▸ What the task requires
An exact copy of the data is required; the images should not appear in it.

▸ Data
┌────────
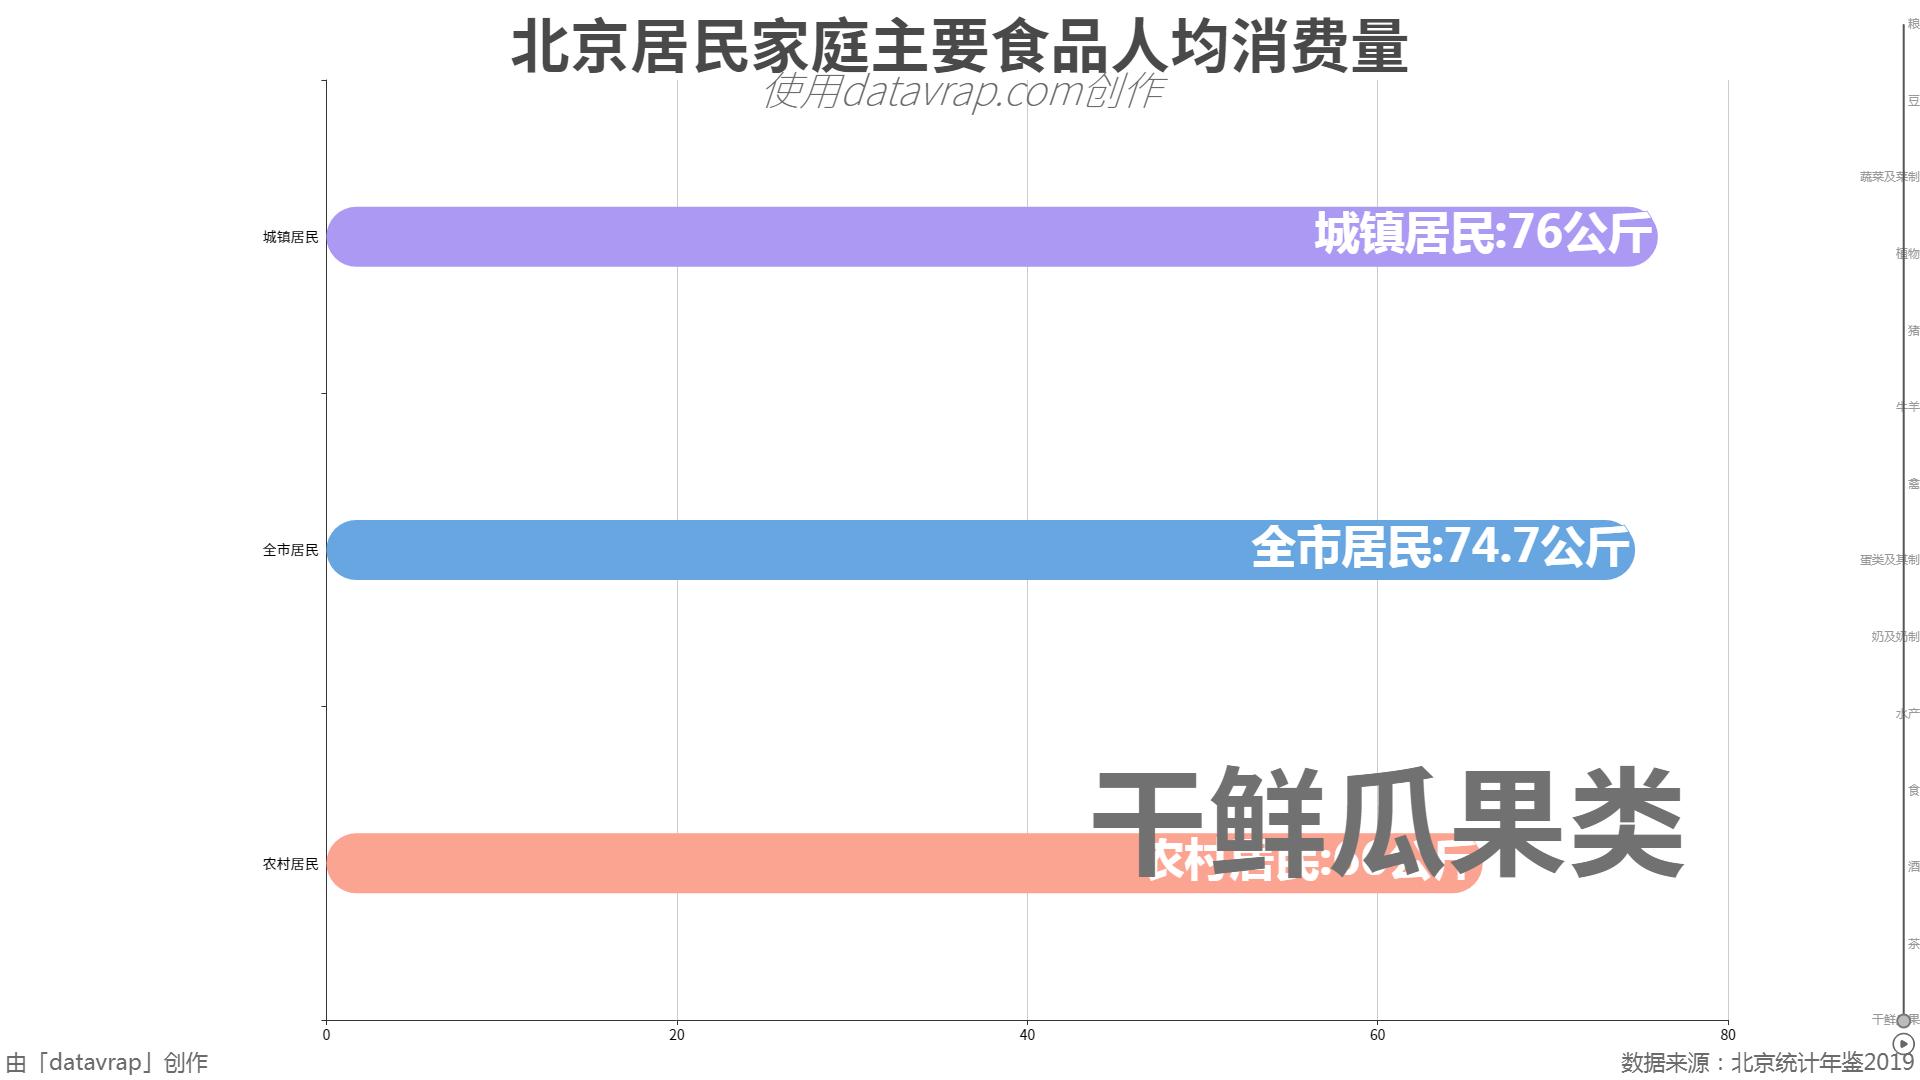 北京居民家庭主要食品人均消费量
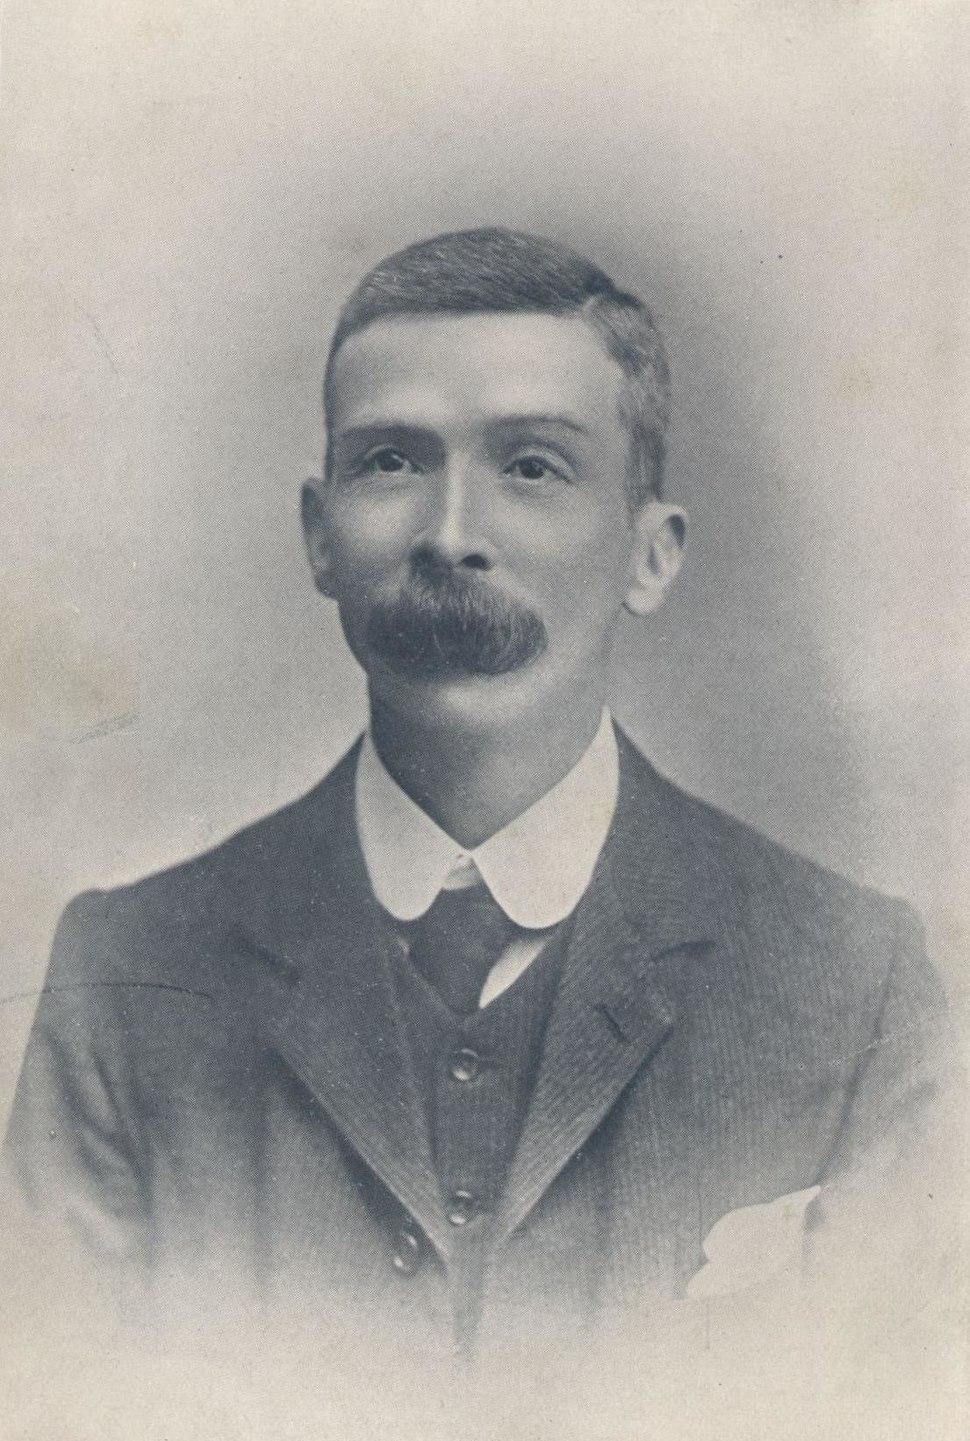 A. W. Ledger
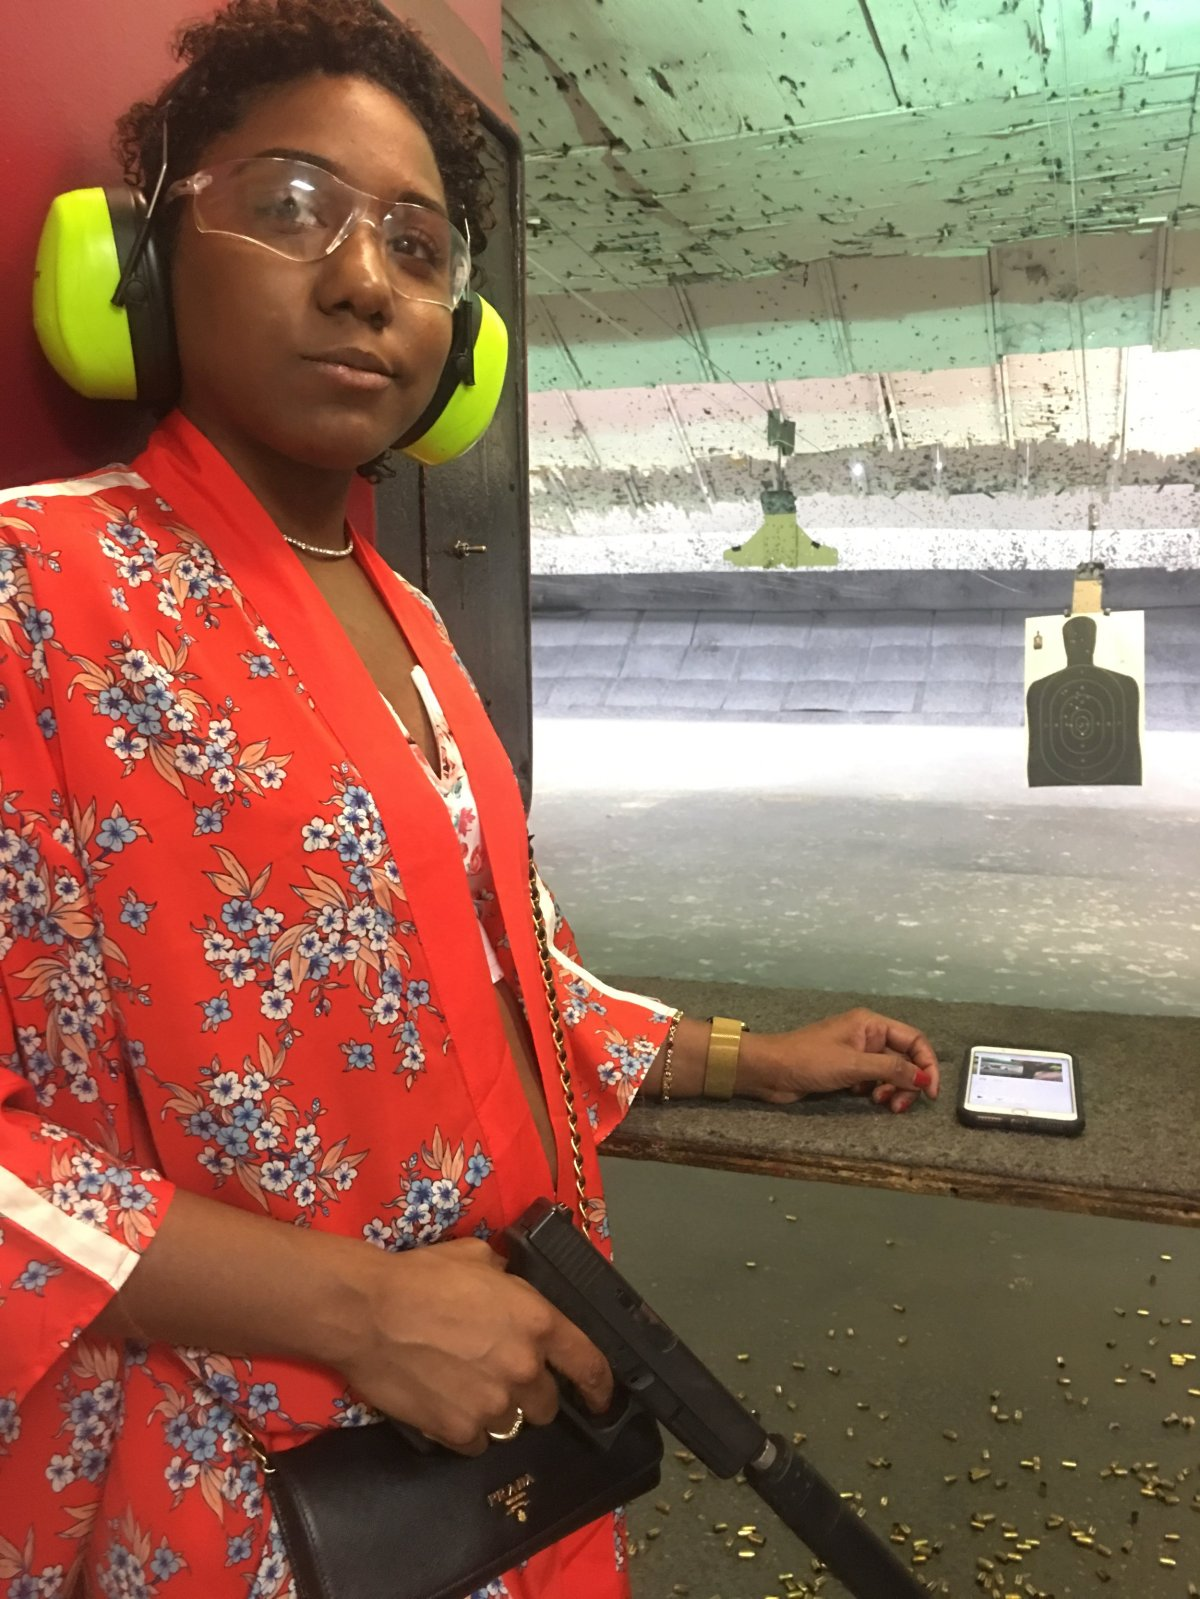 Me @ the PEMBROKE GUN RANGE
└────────
▸ Solution to the exercise
 北京居民家庭主要食品人均消费量
 A. W. Ledger
 Me @ the PEMBROKE GUN RANGE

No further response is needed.